На другой день после того, как он заснул под музыку, мы опять сидели вдвоем, и Борис Михайлович, вероятно, желая угодить мне, взял с этажерки Пушкина и начал читать вслух. Для меня нет наказания хуже, как слушать человека дурно читающего. Нужно было слышать, что сделал Борис Михайлович с чудным, гармоническим стихом Пушкина! Вообрази себе, Аннета, он никак не может соблюсти метра и беспрестанно ставит ударение не на том слове, где следует. То есть, в нем решительно нет никакого поэтического чувства! Досталось же от него бедному Пушкину! Я не могла этого вынести, взяла из рук его книгу и сказала, что не лучше ли ему идти к себе в кабинет и читать дело, из которого ему велели составить экстракт: это будет для него интереснее и полезнее. А как он занят собой, если б ты знала! Сколько времени он каждый день стоит перед зеркалом! Право, его туалет длится гораздо дольше моего, и не муж меня ждет, а я должна ждать его, когда мы собираемся ехать куда-нибудь вместе.

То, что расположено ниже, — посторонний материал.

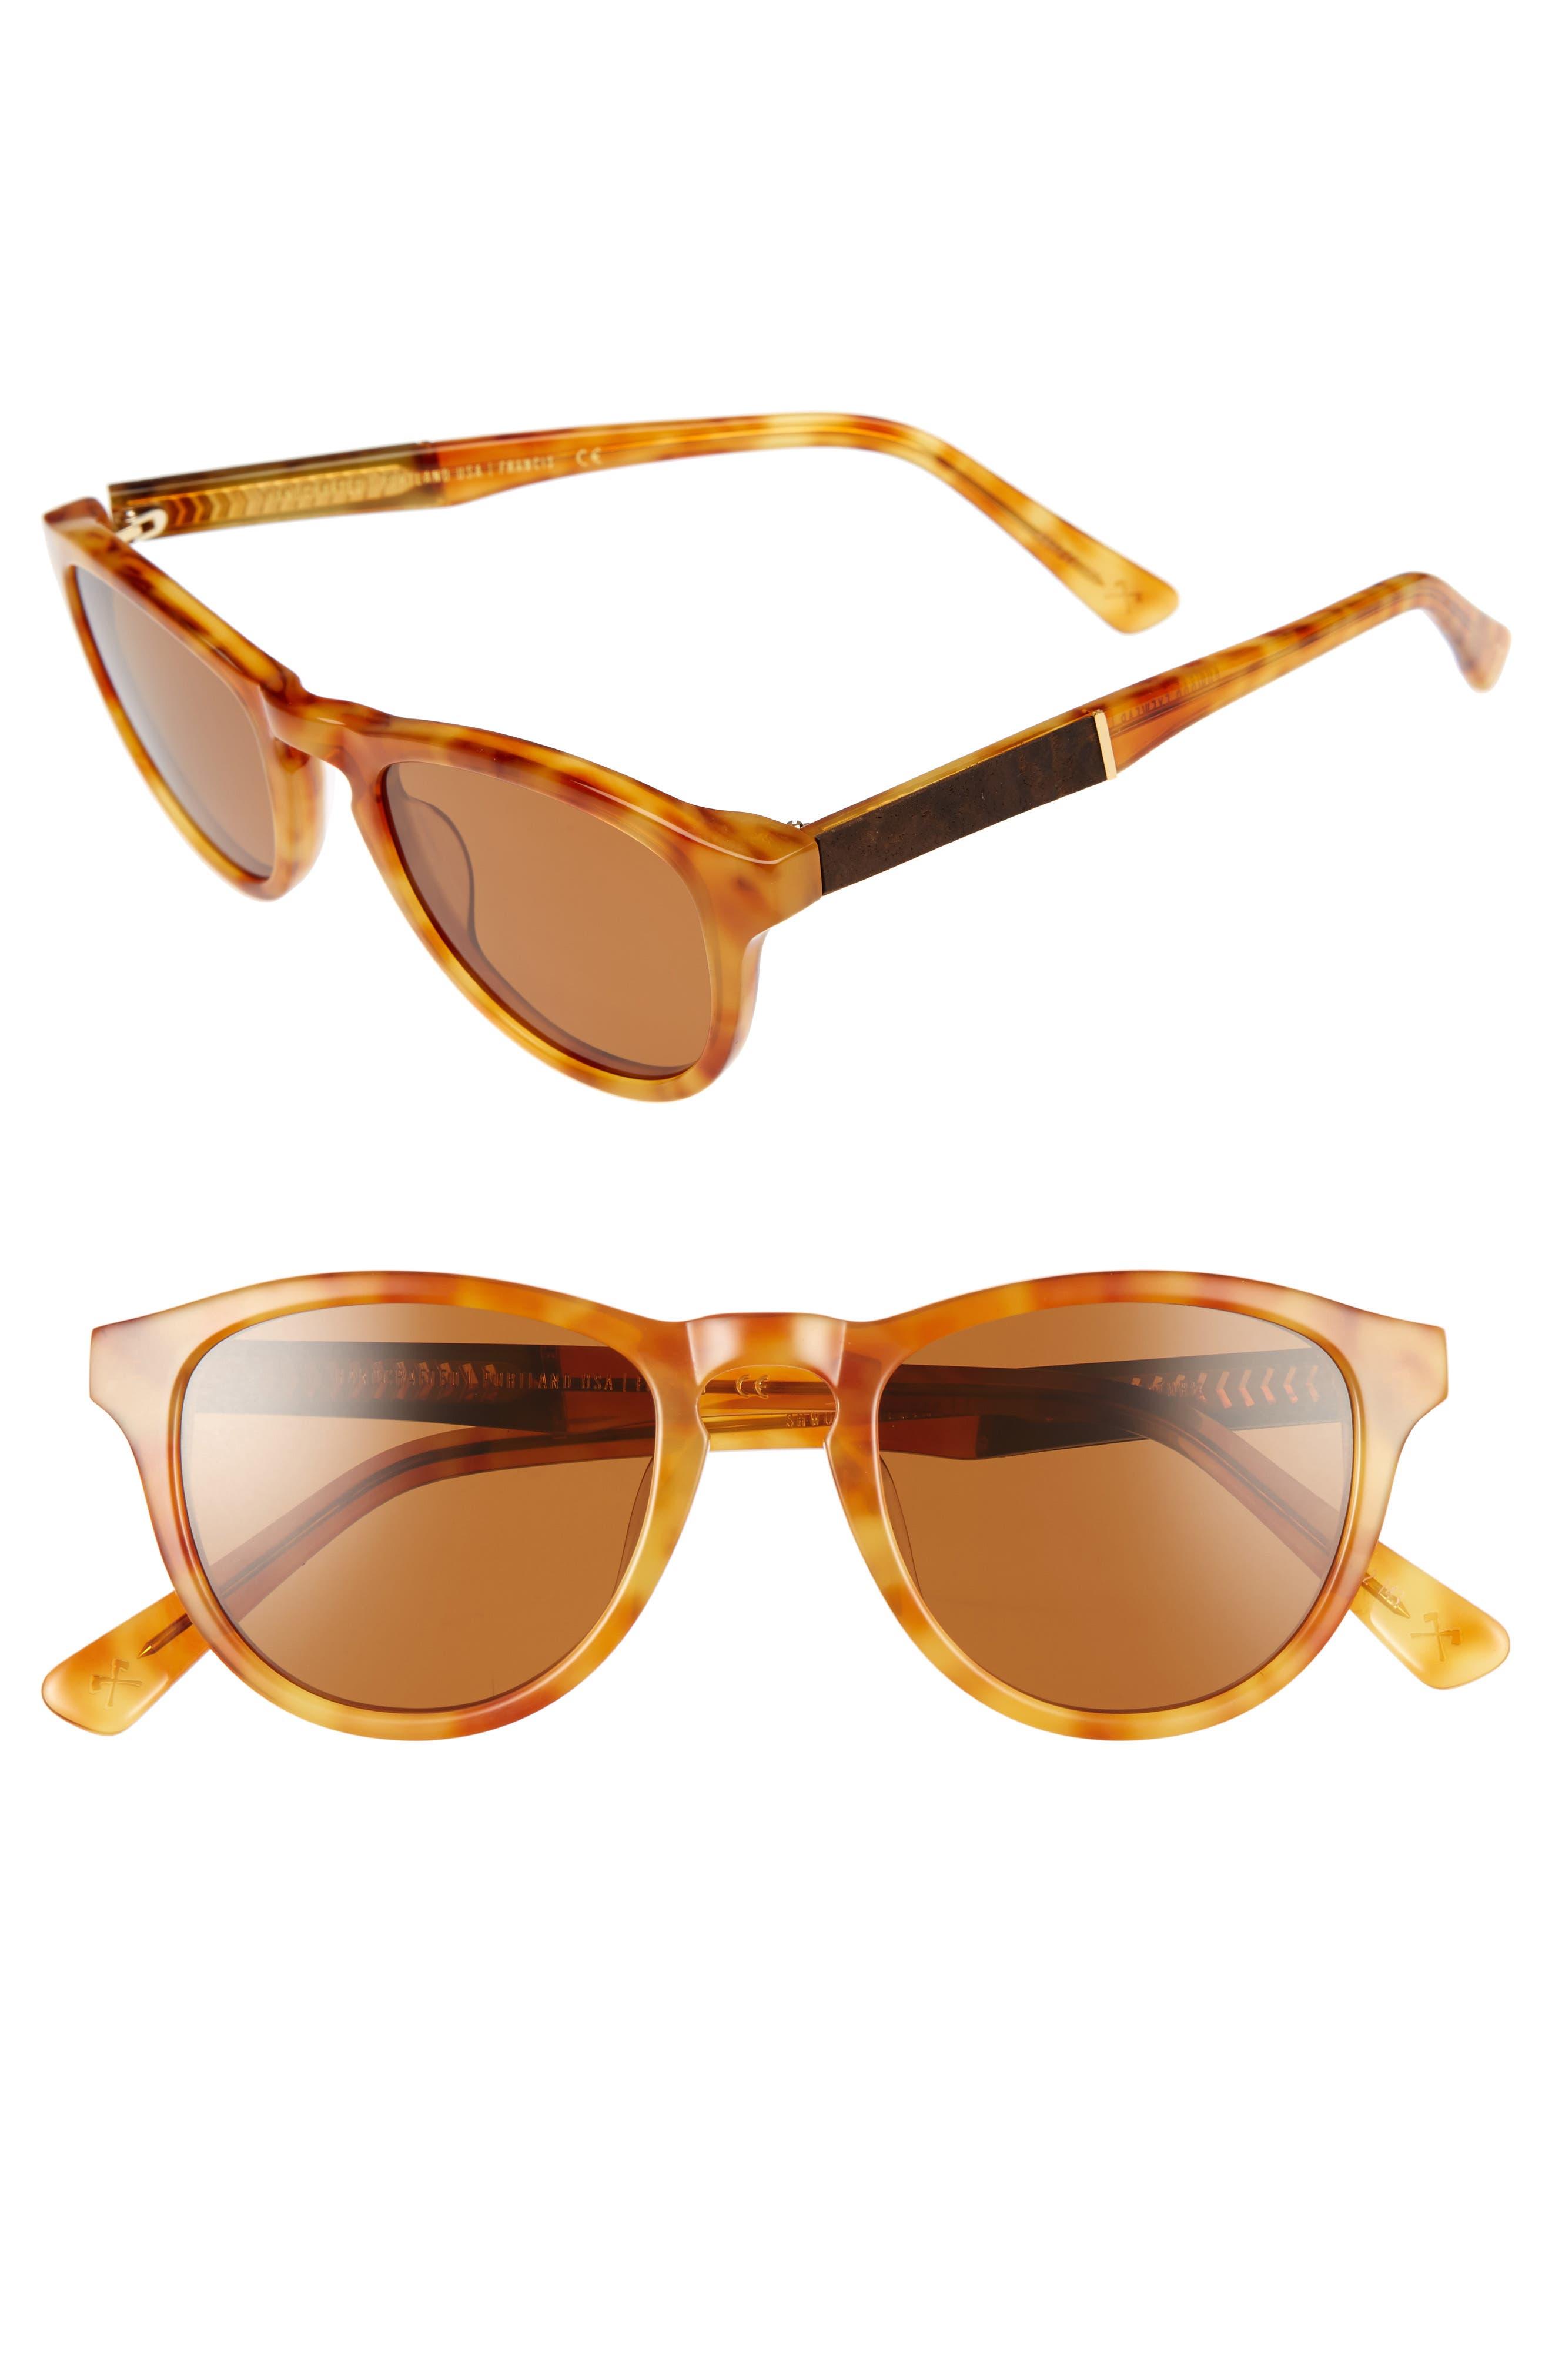 Ace 48mm Sunglasses,                             Main thumbnail 1, color,                             Amber/ Elm/ Brown Polar

Слышу, что ты говоришь мне: „Должно быть снисходительнее к этим мелочам, особенно в муже: у каждого есть свои недостатки… и на солнце есть пятна…“
Знаю, мой друг, знаю и верю, что муж мой est un exellent homme au fond… [19] Мне самой больно и досадно на себя, что я стала такой капризной, сварливой, придирчивой! Но как же быть мне? Как освободиться от всех этих качеств, не только неприятных, даже отвратительных в женщине? Куда бежать от гнетущей меня невыносимой тоски?.. Ради бога, подай мне совет, мой единственный, мой добрый друг, Аннета! Умоляю тебя, пиши ко мне скорее, что ты думаешь обо всем этом. Не заставь меня долго ждать, не заставь сомневаться в твоей готовности помочь мне. Каждая минута ожидания будет для меня веком. Любящая тебя беспредельно
P. S. Когда я прочла это письмо, я увидела, как оно длинно и как бессвязно. Я писала его в несколько приемов. Меня не раз отвлекали от него, и потому ты простишь меня… Боюсь одного, разберешь ли ты, будешь ли ты иметь терпение докончить это маранье…»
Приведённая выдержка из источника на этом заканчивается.